If the system reaches production, it will emerge as a tool to help with stop-and-go traffic, he says, adding, don't expect a day soon when the driver can turn his attention away from steering altogether.
Pedestrians represent “a major problem,” Bartels admits. “Assisted driving, yes, but in the near future no automated driving in urban situations.”
Although VW completed work on the iCar project recently, development will continue through a European Union project called “Have It” (Highly Automated Vehicles for Intelligent Transportation).
Have It will promote the concept of “automatic driving” and operate out of the newly founded Research Center for Vehicle Technology of Lower Saxony initiative at the Technical University of Braunschweig near VW headquarters in Wolfsburg.
Volkswagen also demonstrates its PyroBrake system, a technology much closer to production that leans on the auto maker's existing adaptive cruise control.
PyroBrake uses a stereo camera and radar sensors operating at 24 GHz and 77 GHz to detect an impending crash and initiate hard braking within 80 milliseconds. It works up to 300 milliseconds faster than current automatic emergency braking technology, which is about the time a pedestrian needs to take a step.
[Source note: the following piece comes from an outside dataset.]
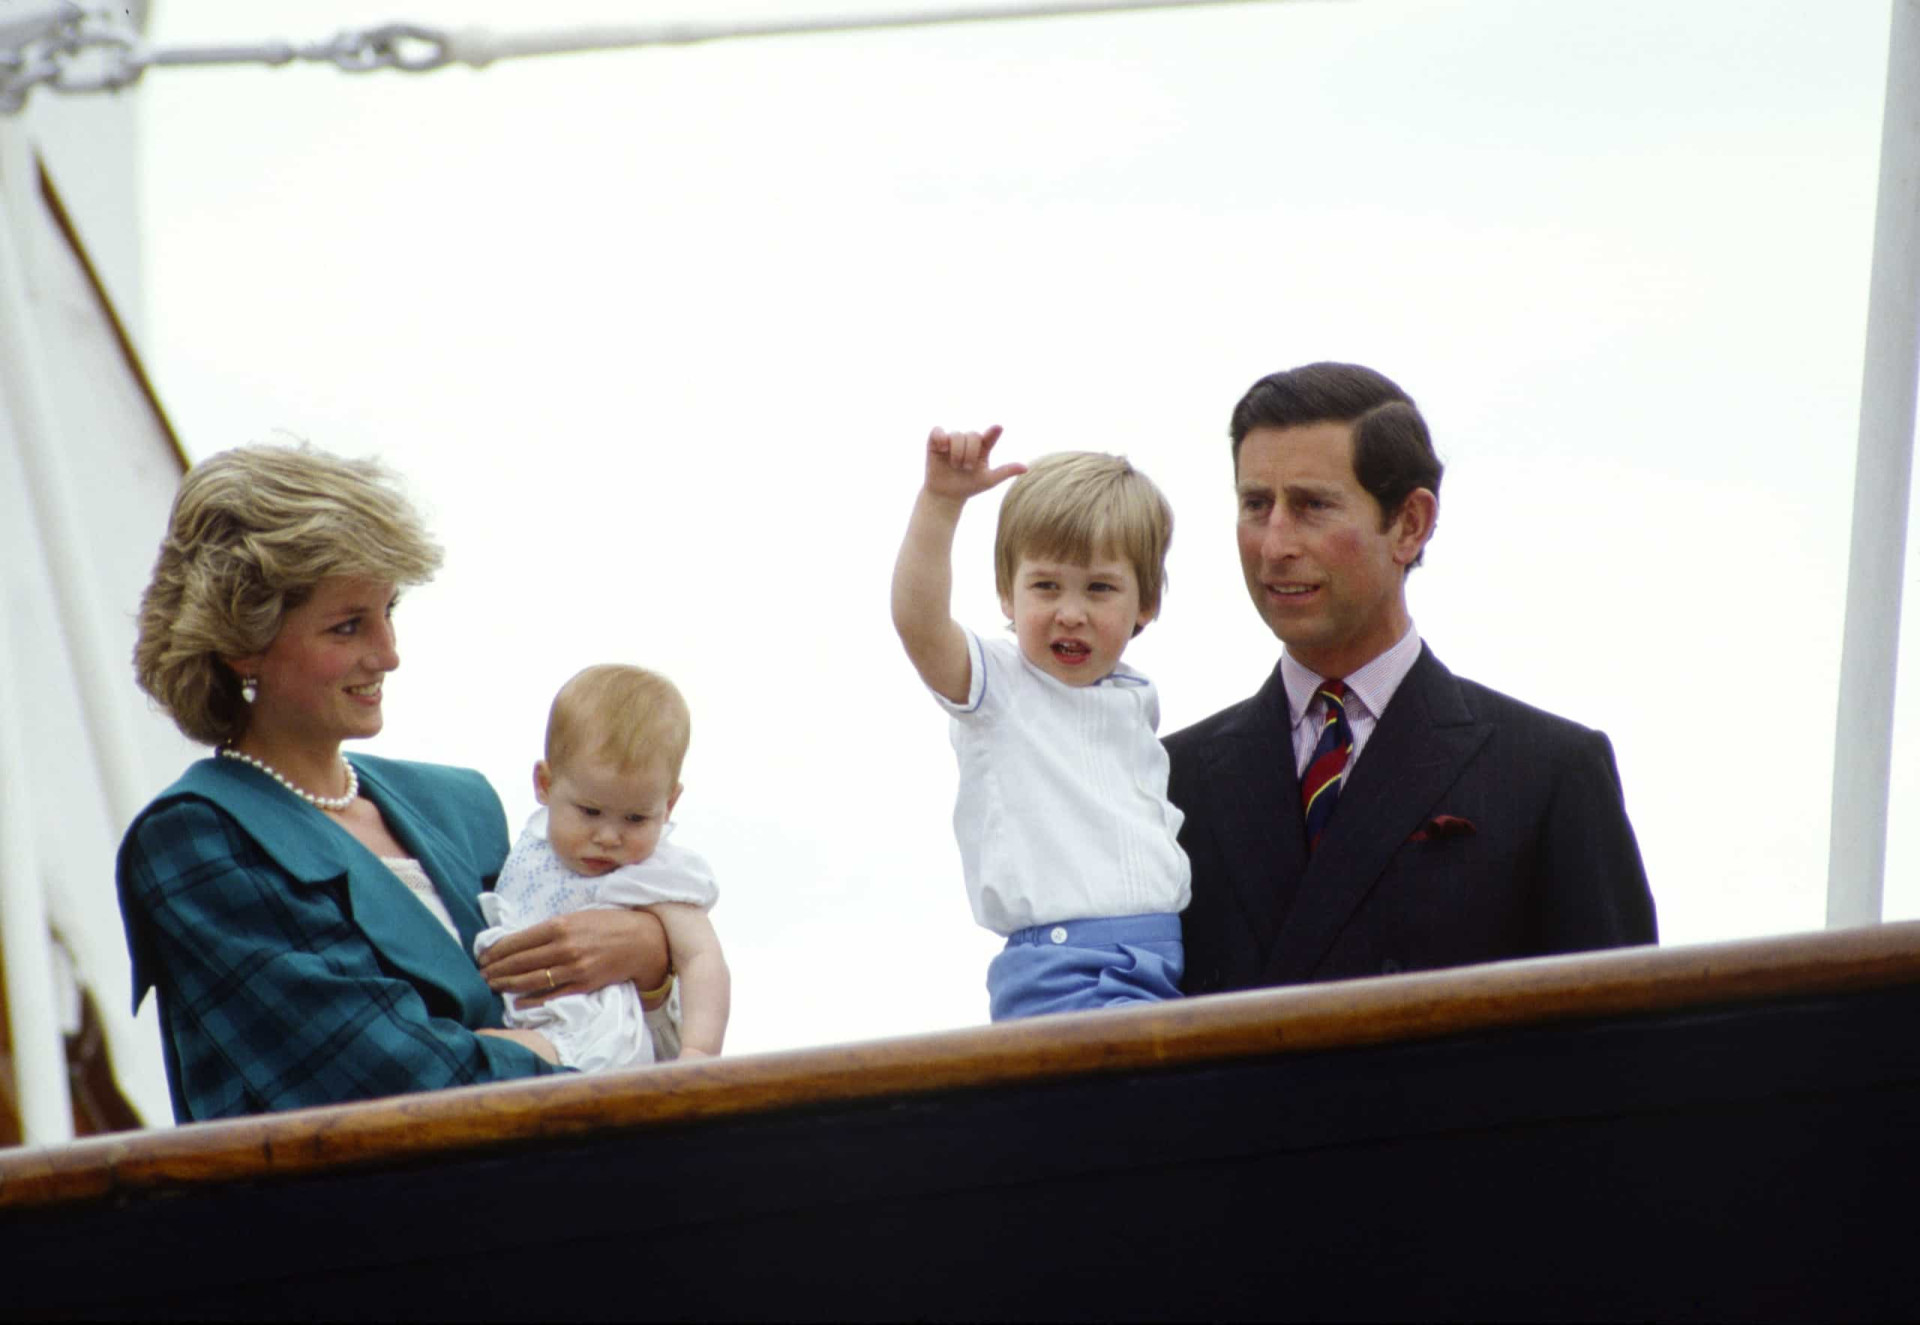 <p>Joining Prince Charles and Princess Diana on their 17-day tour of Italy's sights and cities in April-May 1985 was Prince William and Prince Harry. The family are seen on board <em>Britannia</em> at Venice.</p><p>You may also like:<a href="https://www.starsinsider.com/n/394782?utm_source=msn.com&utm_medium=display&utm_campaign=referral_description&utm_content=474709v3en-us"> The most unbelievably expensive weddings in history </a></p>

Martin Gonter, an engineer on the PyroBrake program, cites a study showing 48% of drivers fail to brake in a frontal collision. He says PyroBrake could be especially helpful at intersections, where pedestrians may appear suddenly.
“The question now is how to detect an unavoidable collision without any false alarms,” Gonter says, declining to offer a production timetable.
But on the test track, the system works without a hitch, applying 1,450 psi (100 bar) of extra pressure before a specially outfitted Passat strikes a yellow impact box about the size of three stacked tires. It slows the car in an instant from 30 mph (48 km/h) to 26 mph (42 km/h).
As hardware, PyroBrake is a small, additional piston unit within the antilock brake system. Once the camera and radar sense an impending impact, the piston fires “pyrotechnically,” much the same way as a seatbelt pretensioner.
VW engineers say further integration of vehicle sensors, radars and cameras will play the biggest role in making systems such as automated driving and PyroBrake a reality.